Friedrich Christian, Count of Schaumburg-Lippe (16 August 1655 – 13 June 1728) was the second ruler of the County of Schaumburg-Lippe.

==Biography==
He was born in Bückeburg, the son of Philip I, Count of Schaumburg-Lippe and Landgravine Sophie of Hesse-Kassel (or Hesse-Cassel) (1615–1670).

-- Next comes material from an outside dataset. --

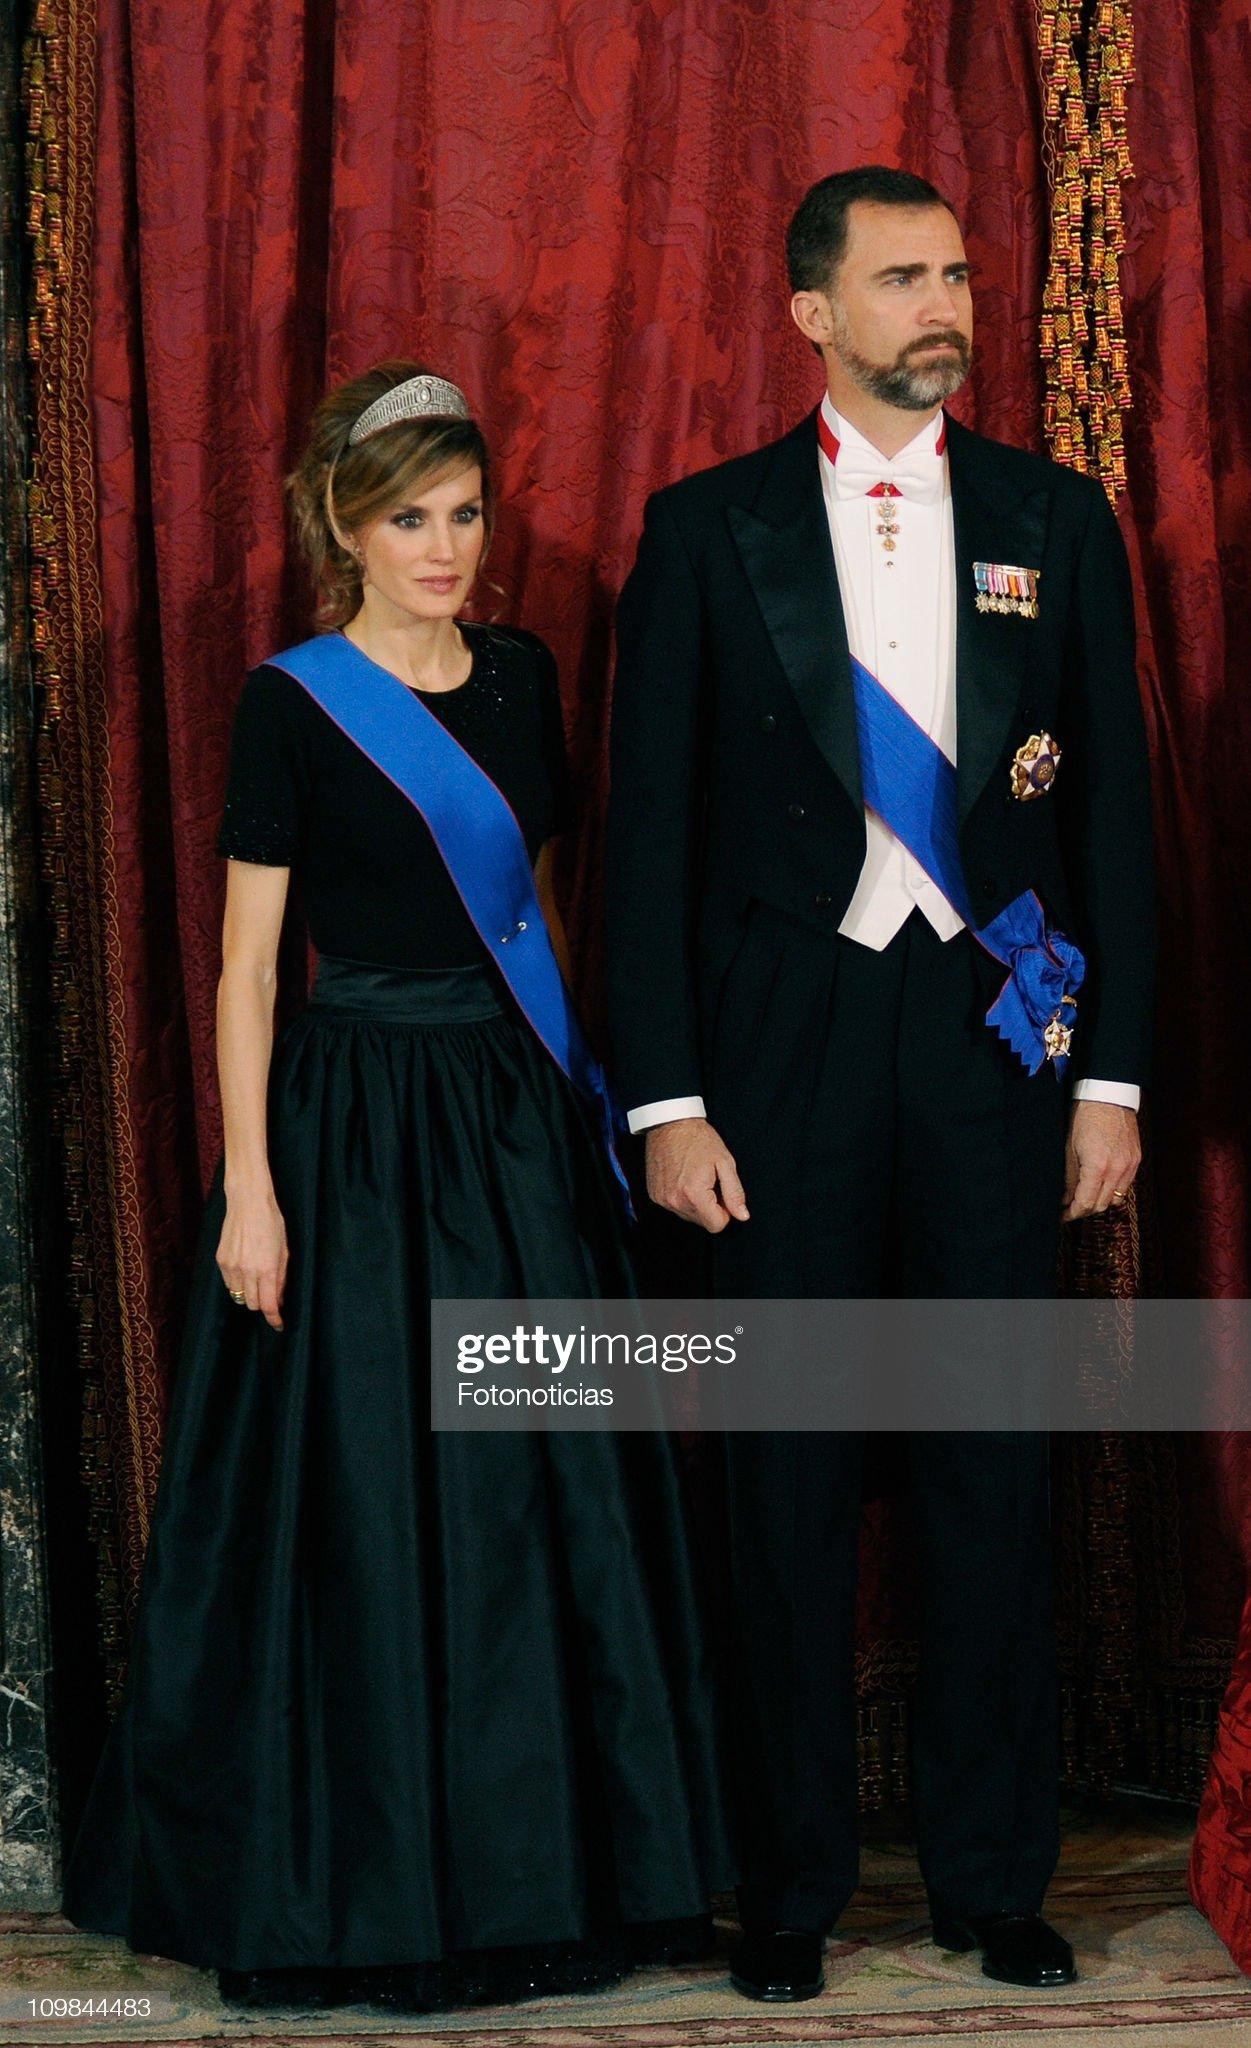 Вечерние наряды Королевы Летиции Spanish Royals Receive President of Chile - Gala Dinner : News Photo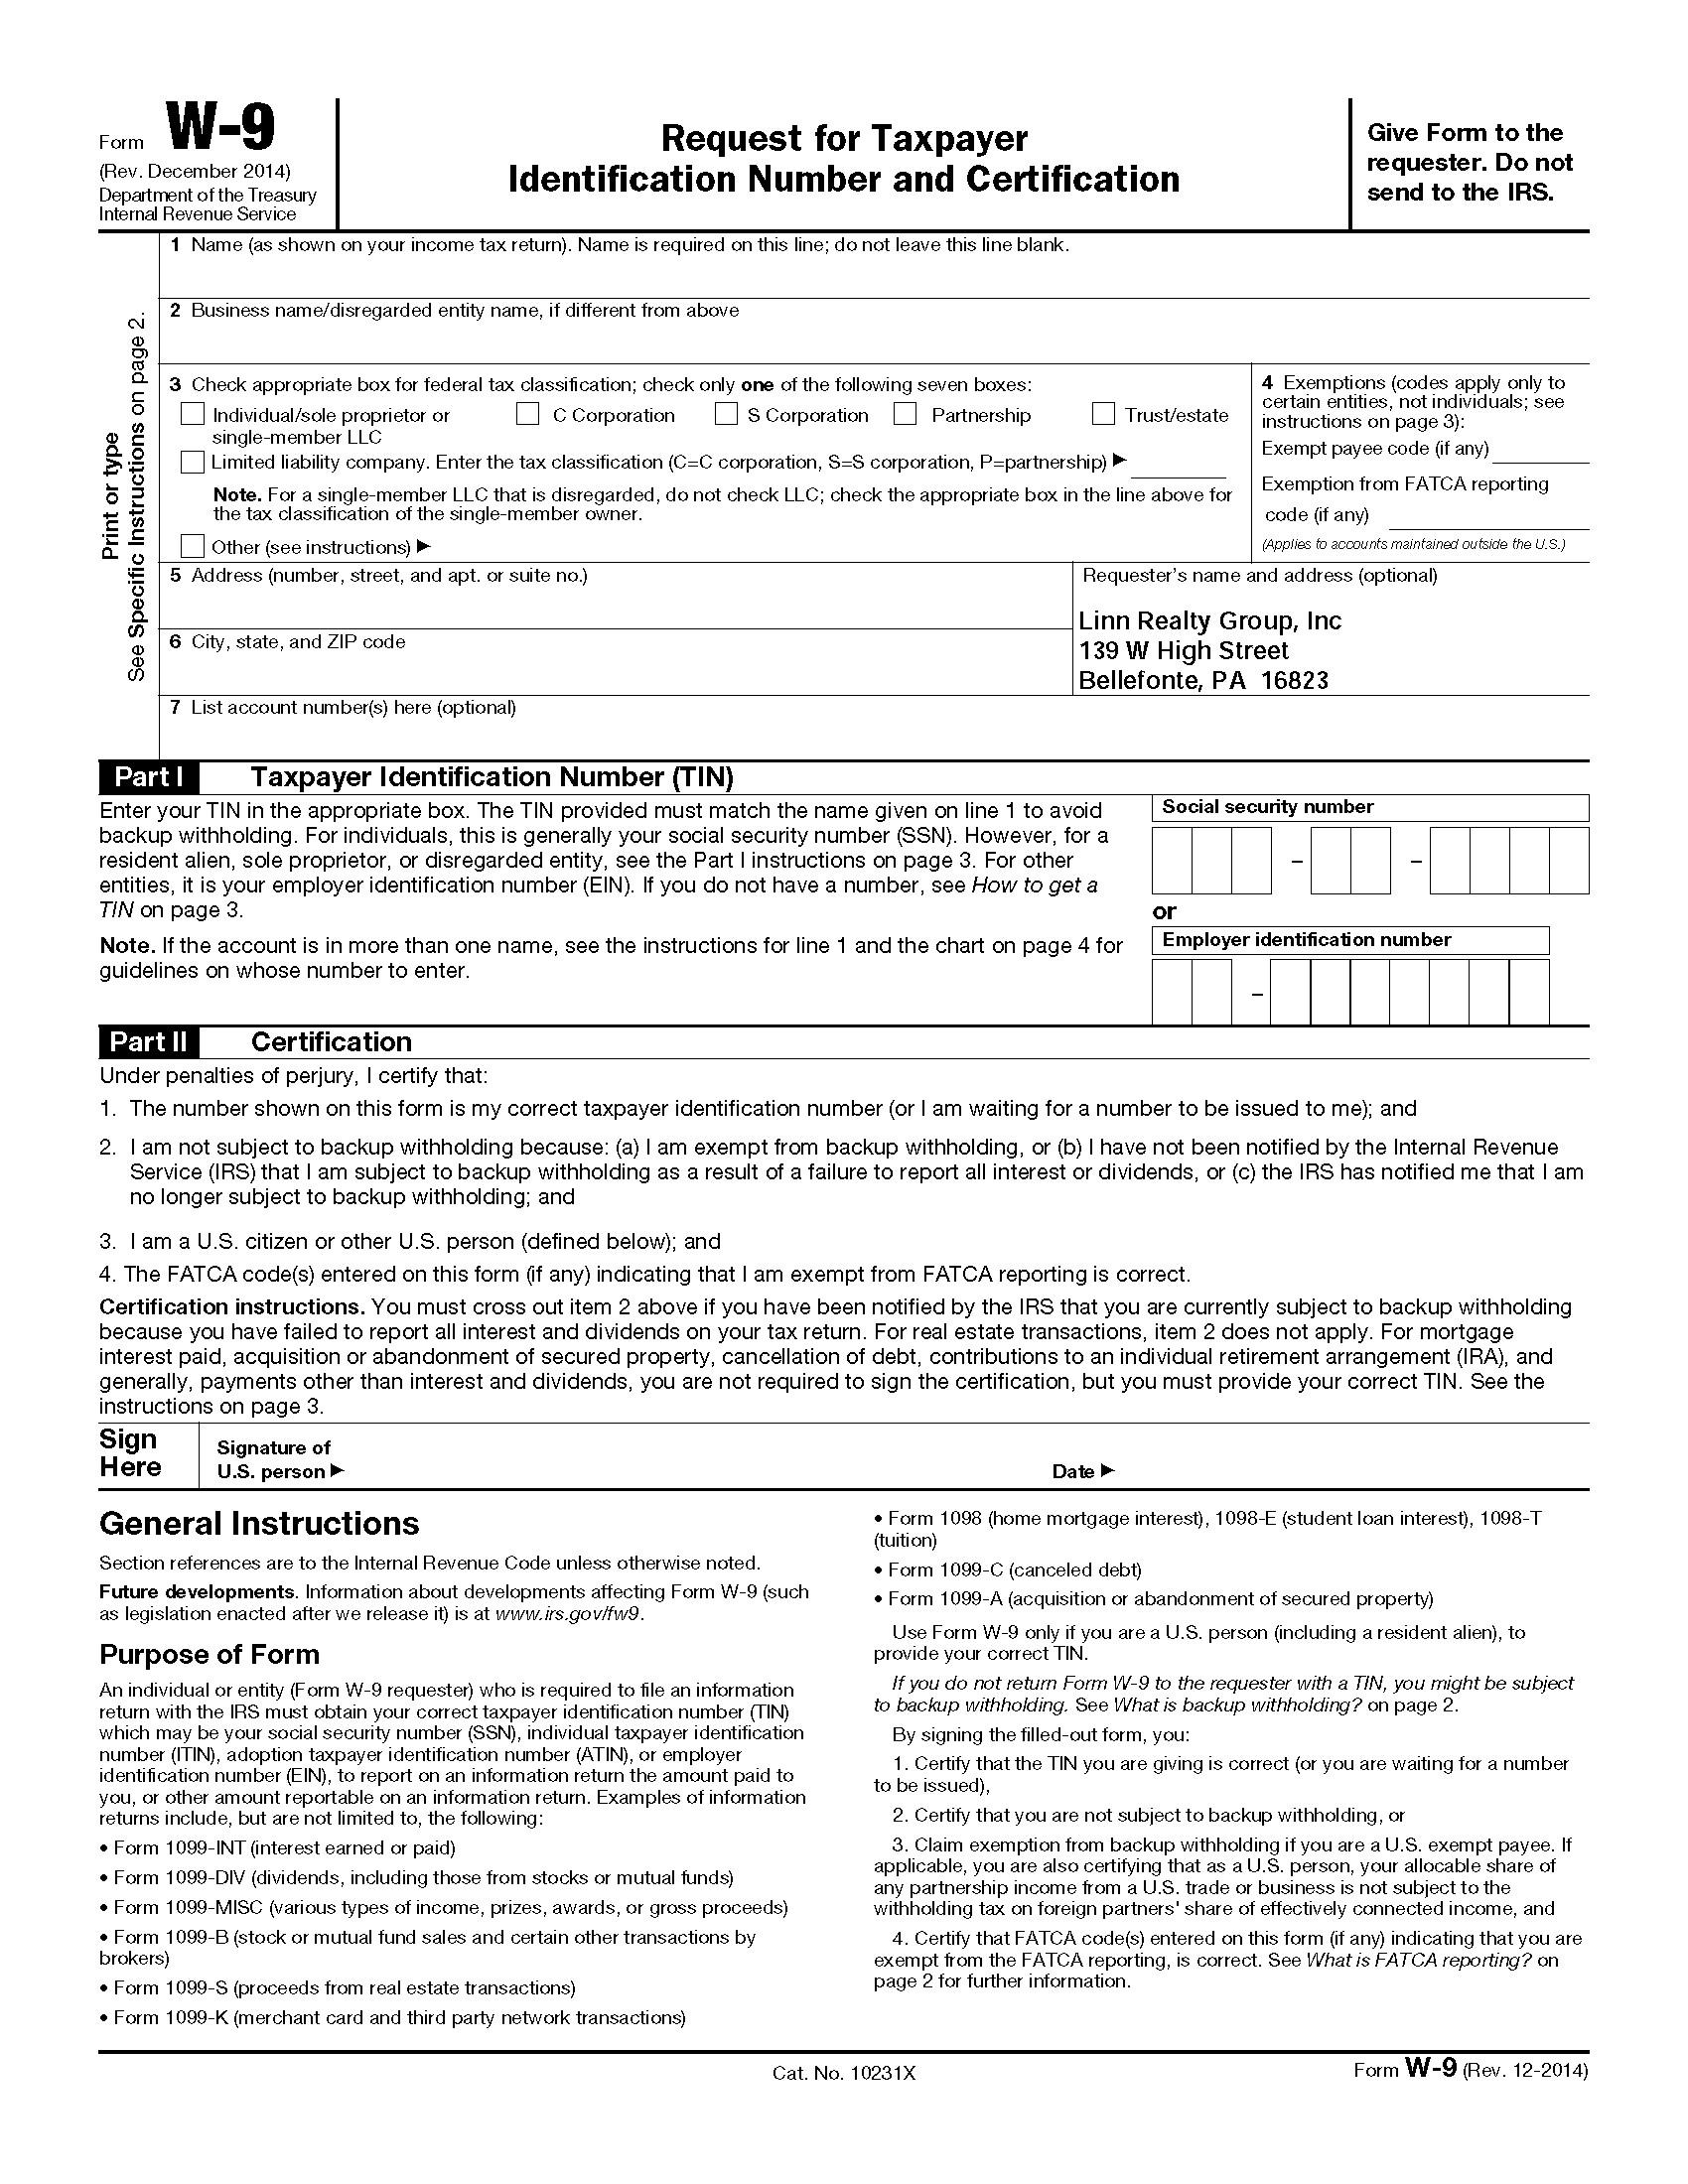 W-9 Form 2021 Printable Pdf | Calendar Template Printable pertaining to W9 Forms 2021 Printable

He became Count on his father's death on 10 April 1681, and reigned until his death at Bückeburg. He was succeeded by his elder surviving son Albert Wolfgang.

==Marriage and children==
He was married on 4 January 1691 at Langenburg to Countess Johanna Sophia of Hohenlohe-Langenburg (1673–1743). They divorced in 1723. They had six children:

- Count Friedrich August (1693–1694)
- Count Wilhelm Ludwig (1695–1695)
- Countess Sophie Charlotte (1696–1697)
- Count Philipp (1698–1698)
- Count Albert Wolfgang (1699–1748)
- Count Friedrich (1702–1776)

On 3 December 1725 at Brixen, he subsequently married his mistress, Maria Anna Victoria von Gall (1707–1760), daughter of Johann Michael von Gall and his wife, Maria Anna von Enzenberg.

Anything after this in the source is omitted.